## Provided data
=-=-=

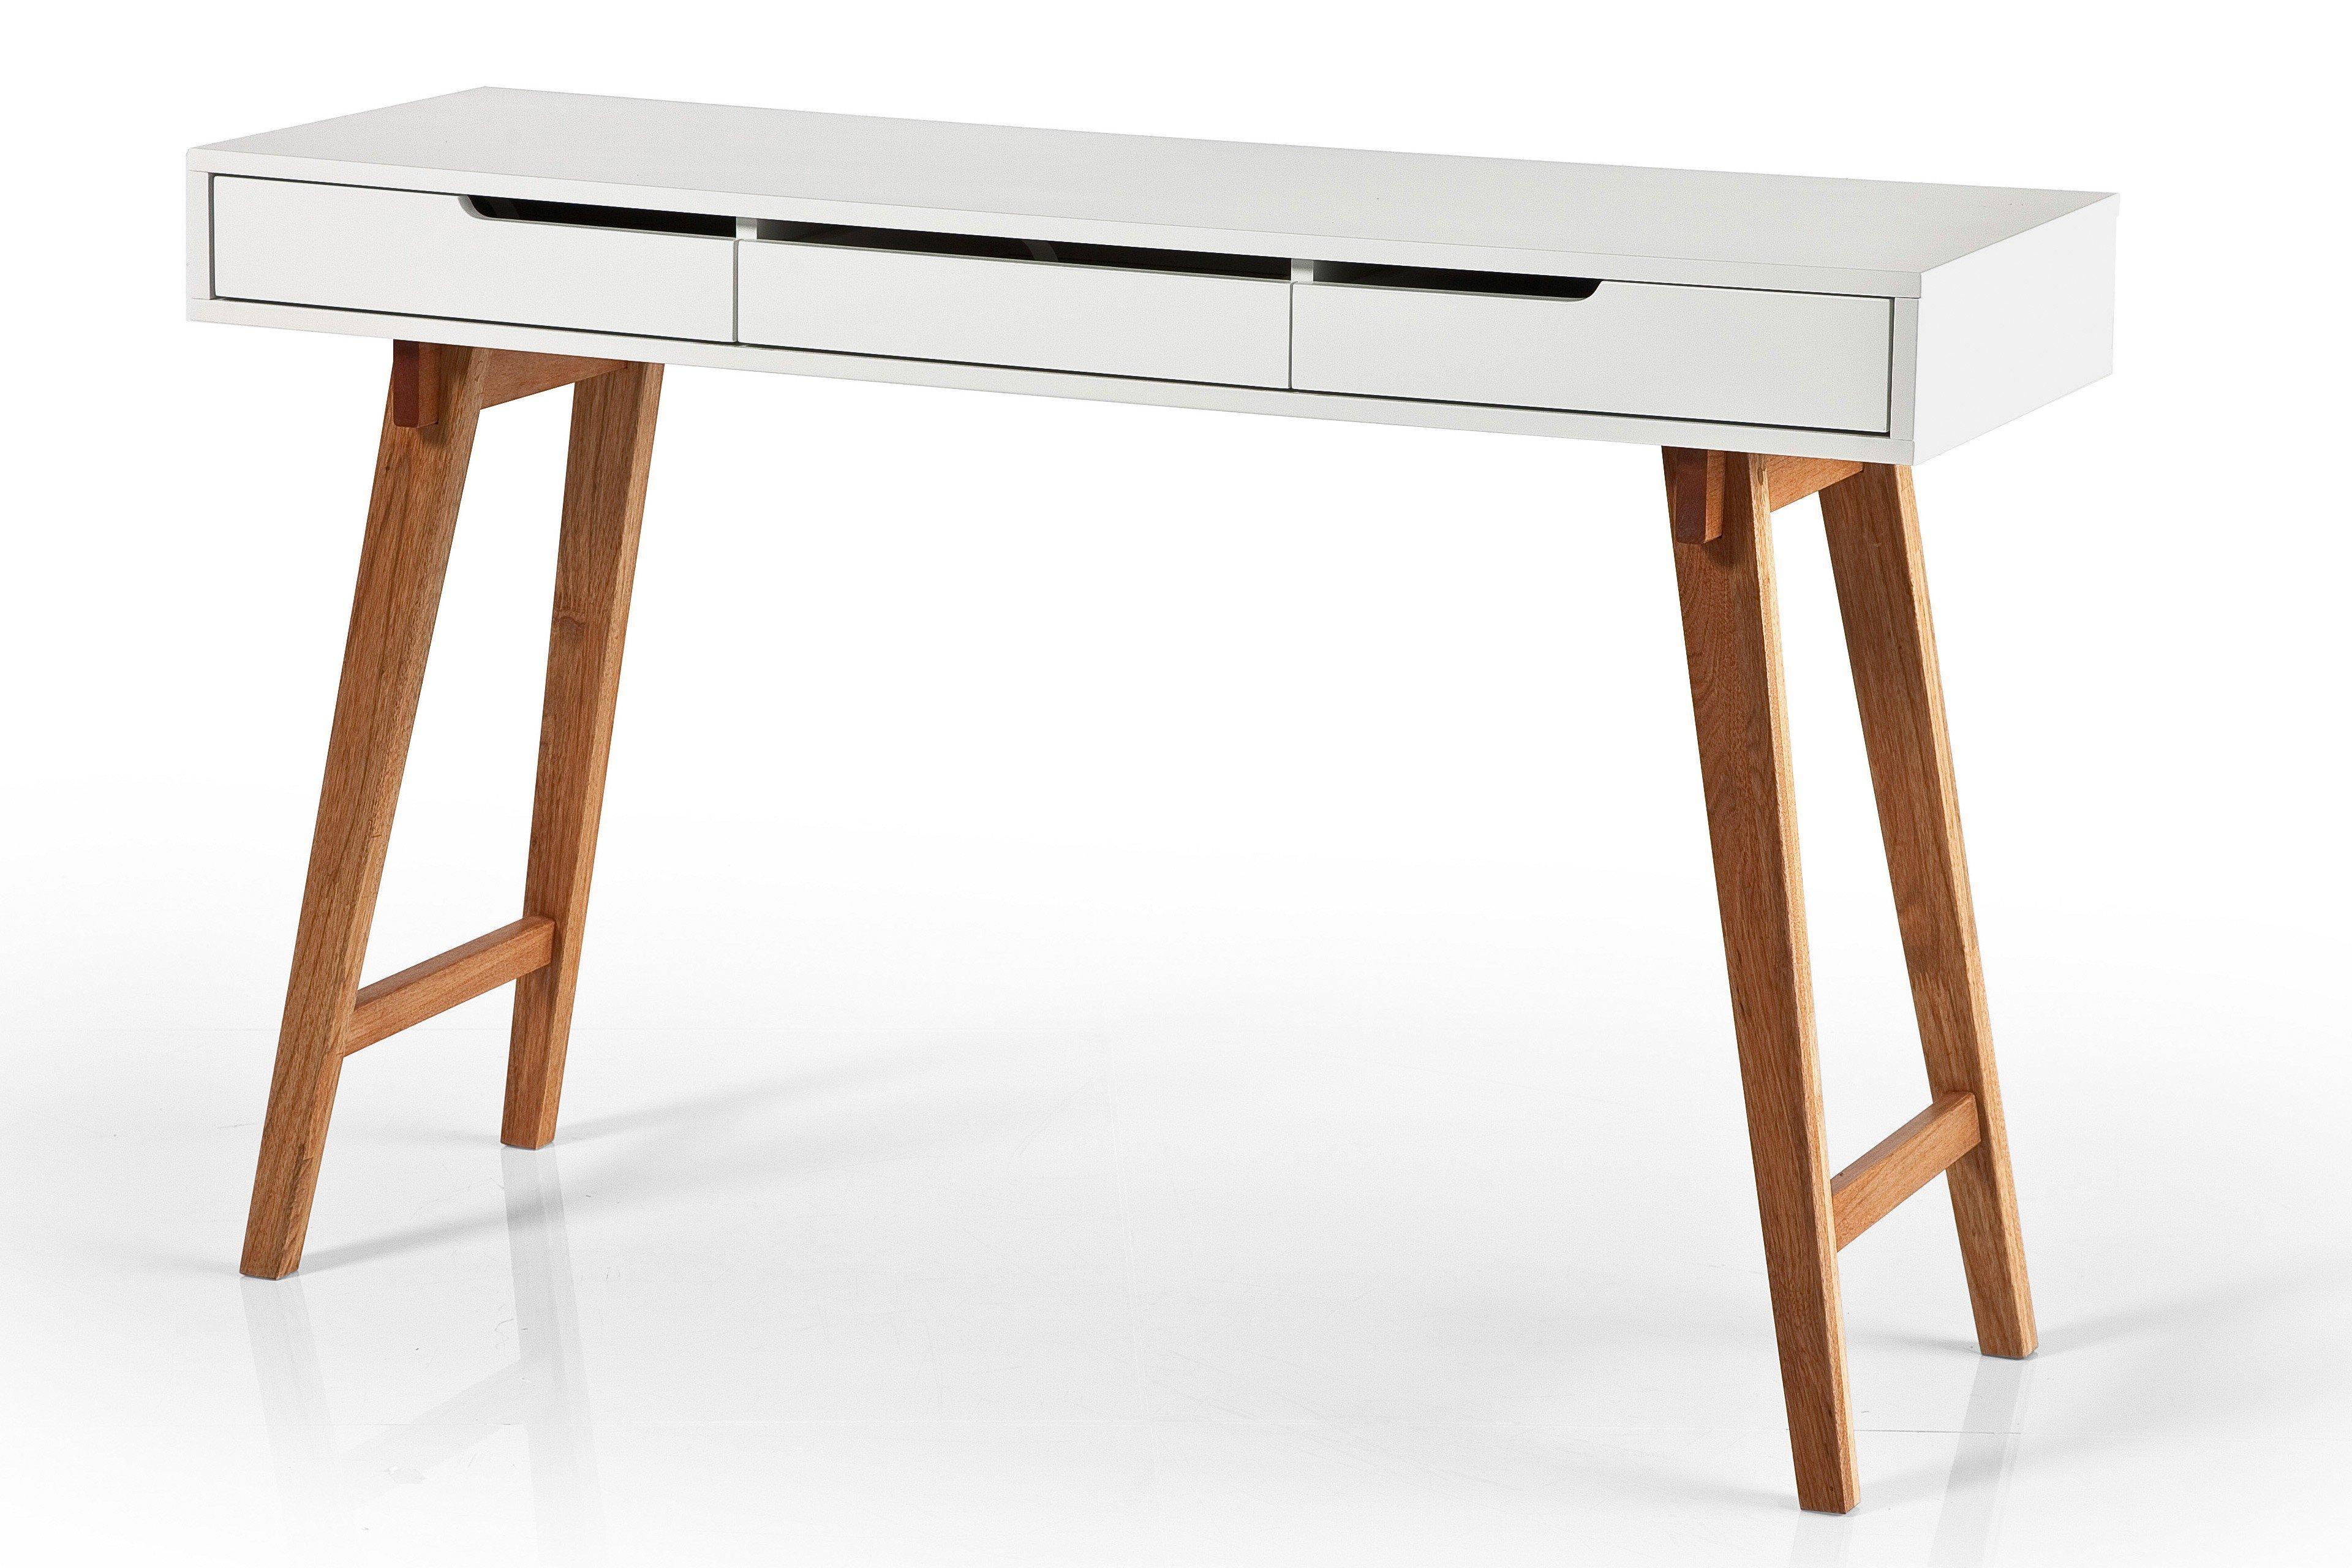 garderobe anneke drucill wei buche mca furniture. Black Bedroom Furniture Sets. Home Design Ideas
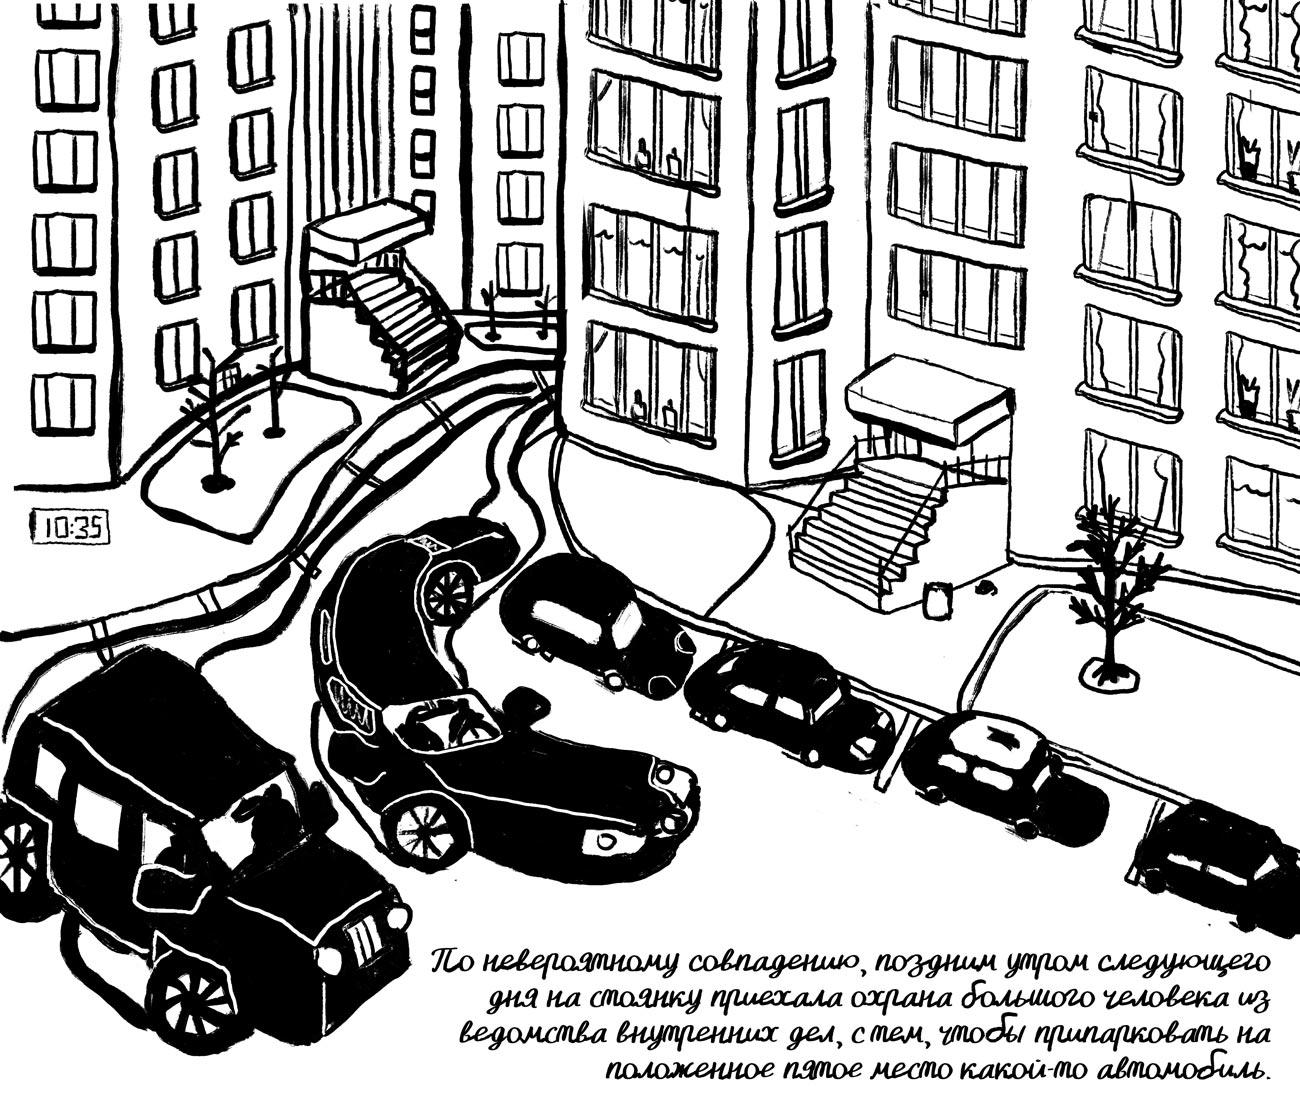 comisc yard 03 - <b>Драма на парковке.</b> Комикс Тани Кремень про кумовство и коррупцию - Заборона
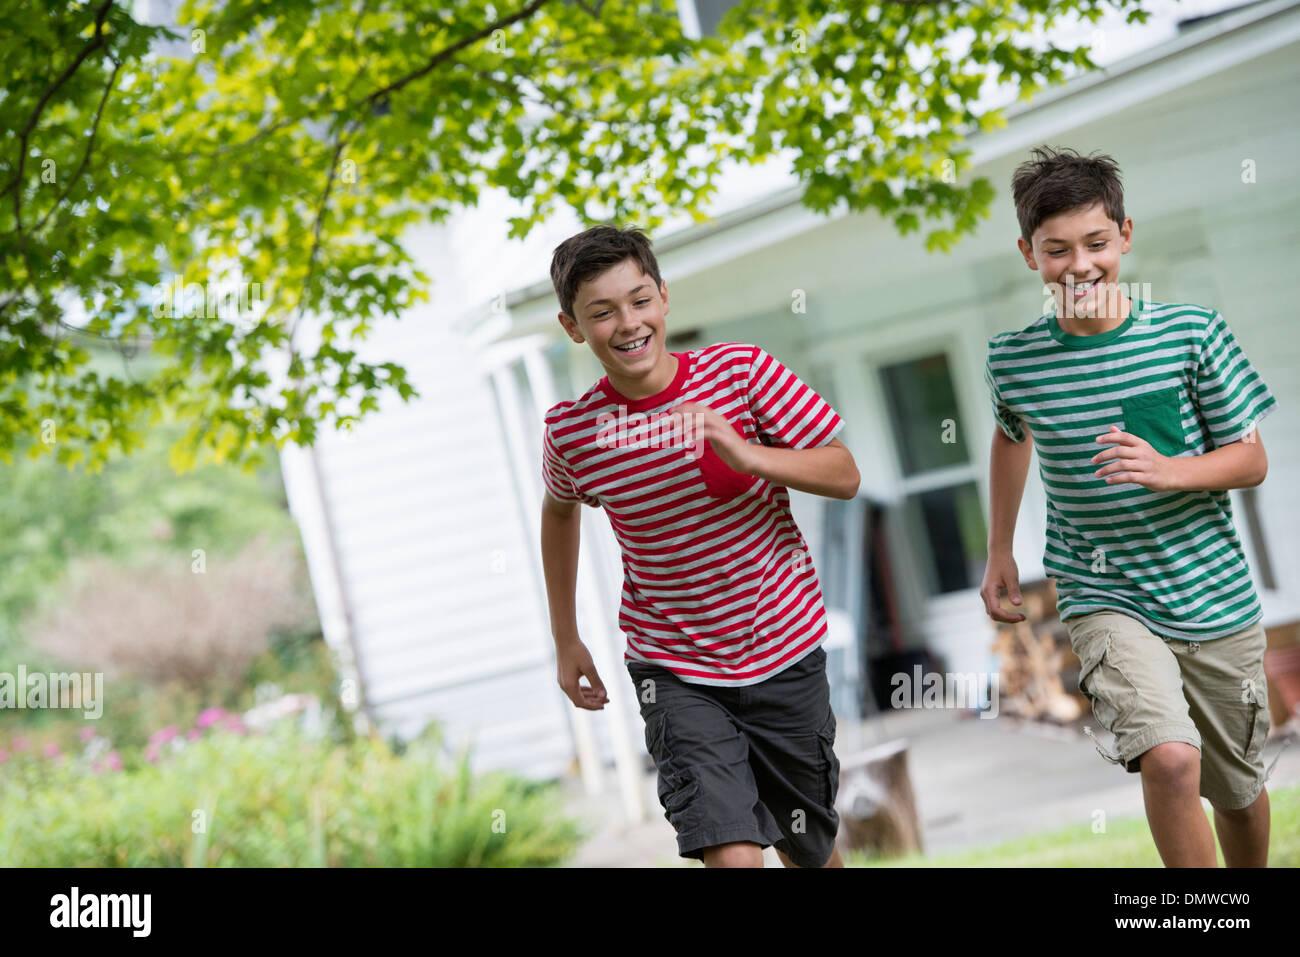 Two boys in a farmhouse garden in summer. - Stock Image

=-=-=

Would you please retype all the data exactly? Leave out whatever pictures it holds.

## Exercise result
 garderobe anneke drucill wei buche mca furniture. Black Bedroom Furniture Sets. Home Design Ideas
 comisc yard 03 - <b>Драма на парковке.</b> Комикс Тани Кремень про кумовство и коррупцию - Заборона
 Two boys in a farmhouse garden in summer. - Stock Image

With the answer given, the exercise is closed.